The Ugandan economy has weathered the first-round impact of the global financial crisis relatively well. Despite lower foreign direct investment, economic growth remained strong by international standards at 5.6 percent.
This is the analysis of the International Monetary Fund, whose Executive Board today completed its seventh review of Uganda's economic performance under the Policy Support Instrument.
IMF Policy Support Instrument for Uganda aims at maintaining macroeconomic stability and alleviating constraints to growth. It also supports the strengthening of institutions ahead of expected oil production and Uganda's participation in the future East African Monetary Union.
A statement issued today by the IMF says Uganda experienced an economic slowdown this year. It says economic activity decelerated due to a prolonged drought and the uncertainties about the path of global growth.
Despite this, the IMF says the medium-term outlook remains favorable. The prospect of substantial oil revenues offers an opportunity to raise growth and eliminate poverty, but also poses important policy challenges.
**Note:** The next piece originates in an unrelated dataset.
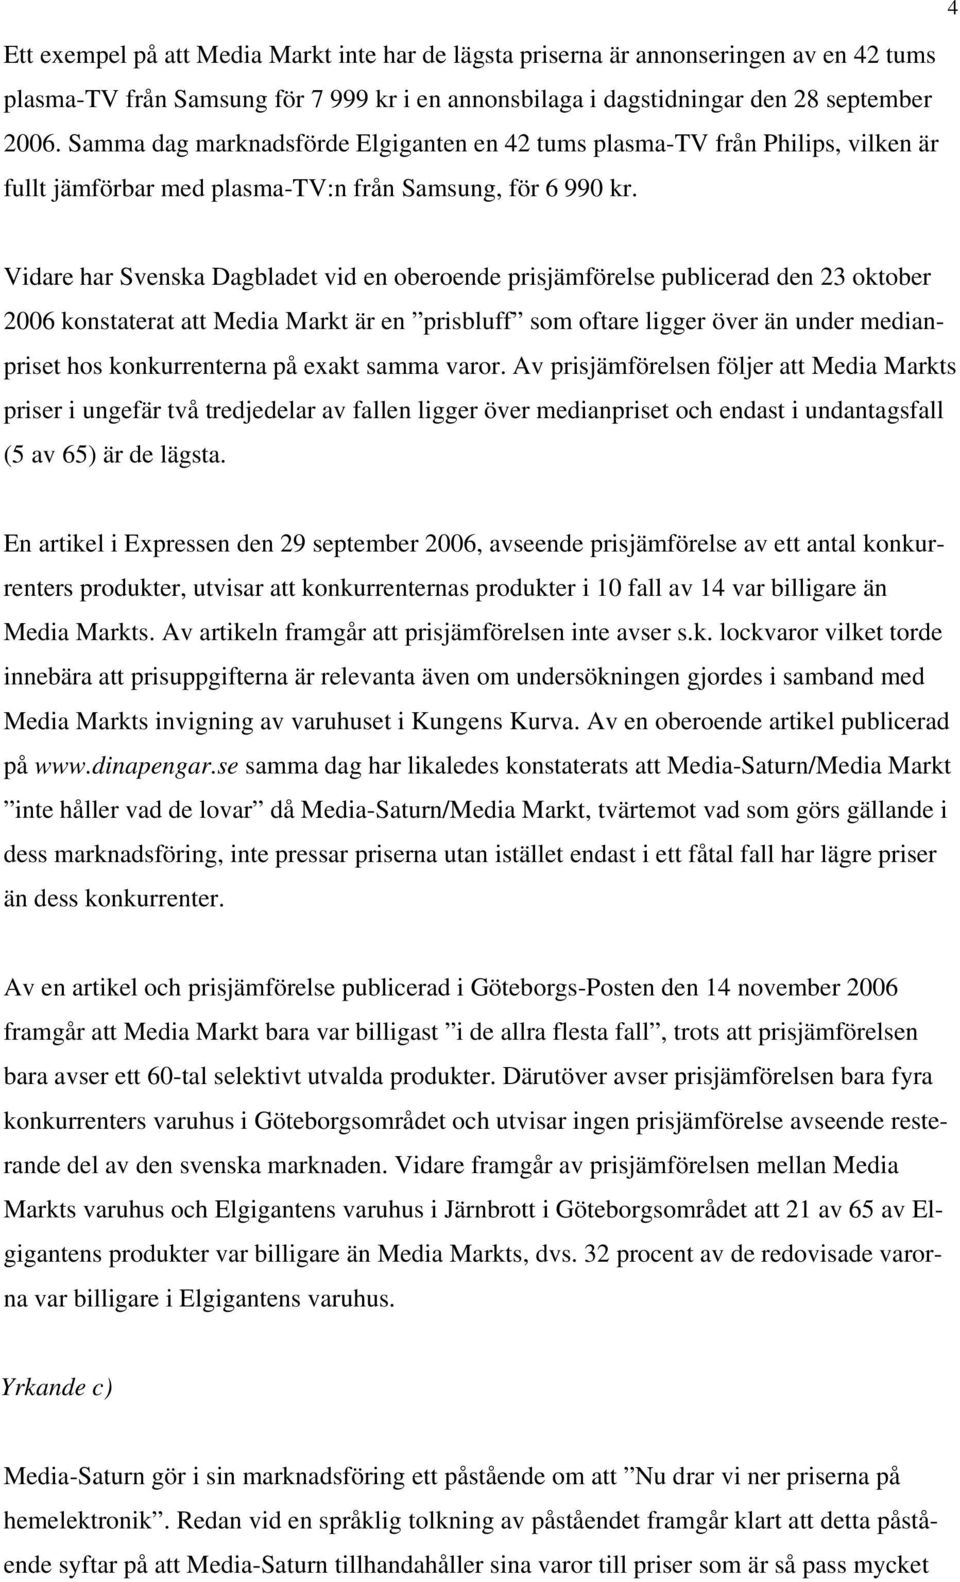 Vidare har Svenska Dagbladet vid en oberoende prisjämförelse publicerad den 23 oktober 2006 konstaterat att Media Markt är en prisbluff som oftare ligger över än under medianpriset hos konkurrenterna

The IMF says Uganda will need robust fiscal and financial institutions, a supportive business environment and scaled-up infrastructure to prepare for this event.
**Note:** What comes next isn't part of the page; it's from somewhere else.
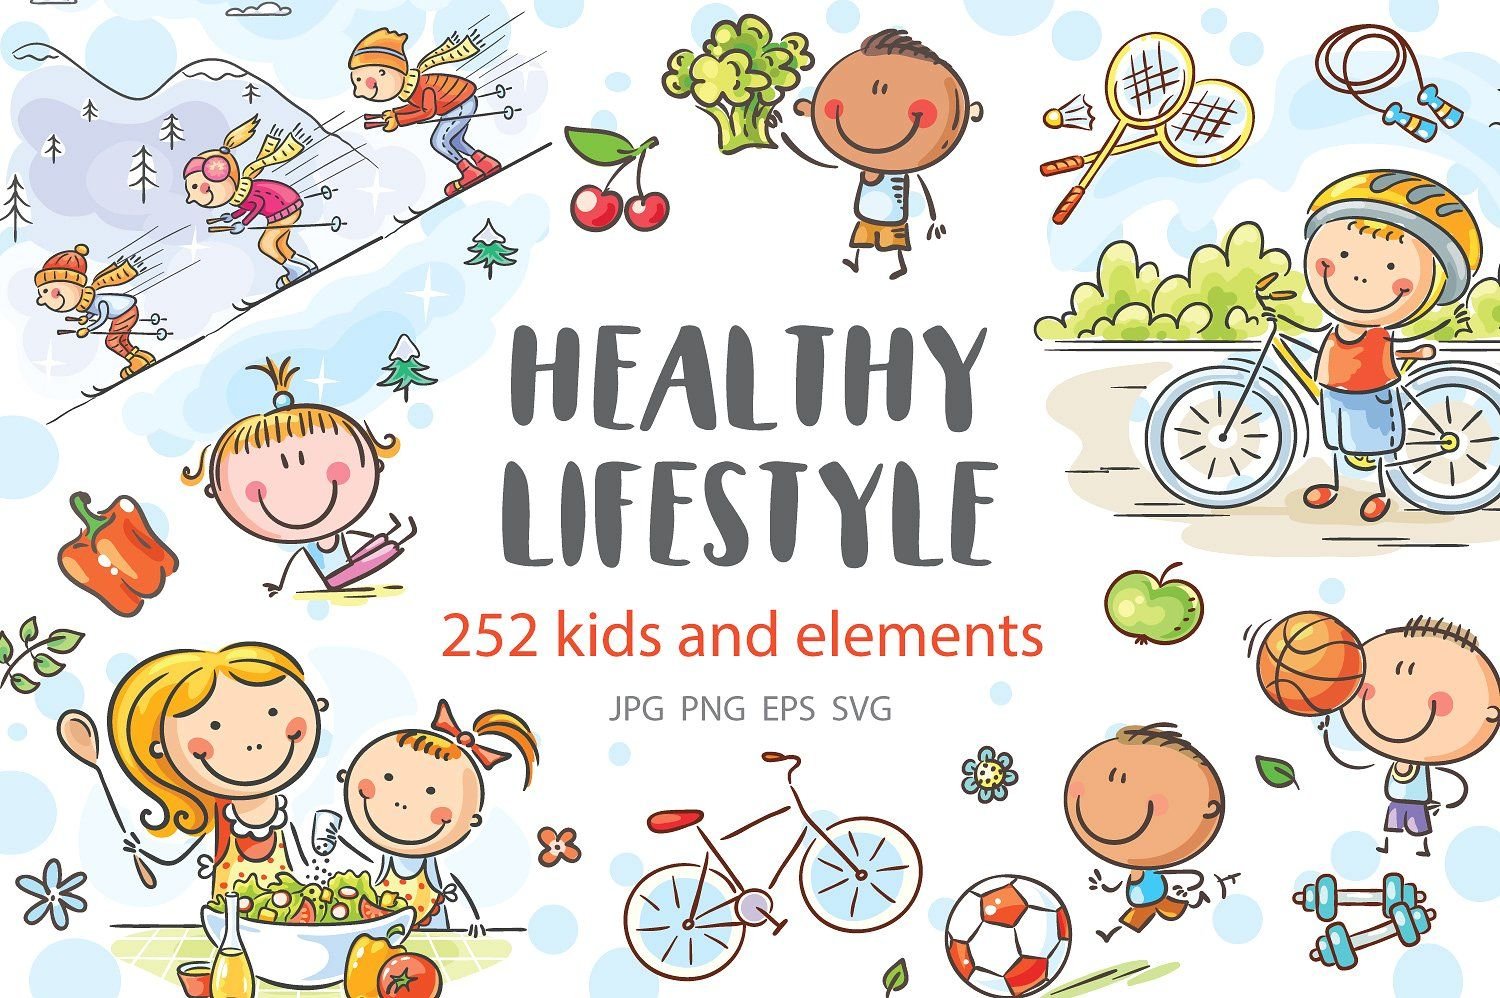 Topic lifestyle. Картинки на тему healthy Lifestyle. Постер healthy Lifestyle. Плакат на тему healthy Lifestyle. Be healthy плакат.

Naoyuki Shinohara, Deputy Managing Director of the IMF, says prudent macroeconomic policies have enabled Uganda to maintain macroeconomic stability despite a series of external shocks. He says output growth has been strong and is expected to rebound quickly.
Inflation has moderated and limited central bank intervention has helped smooth excessive exchange rate volatility, and the financial sector has remained sound.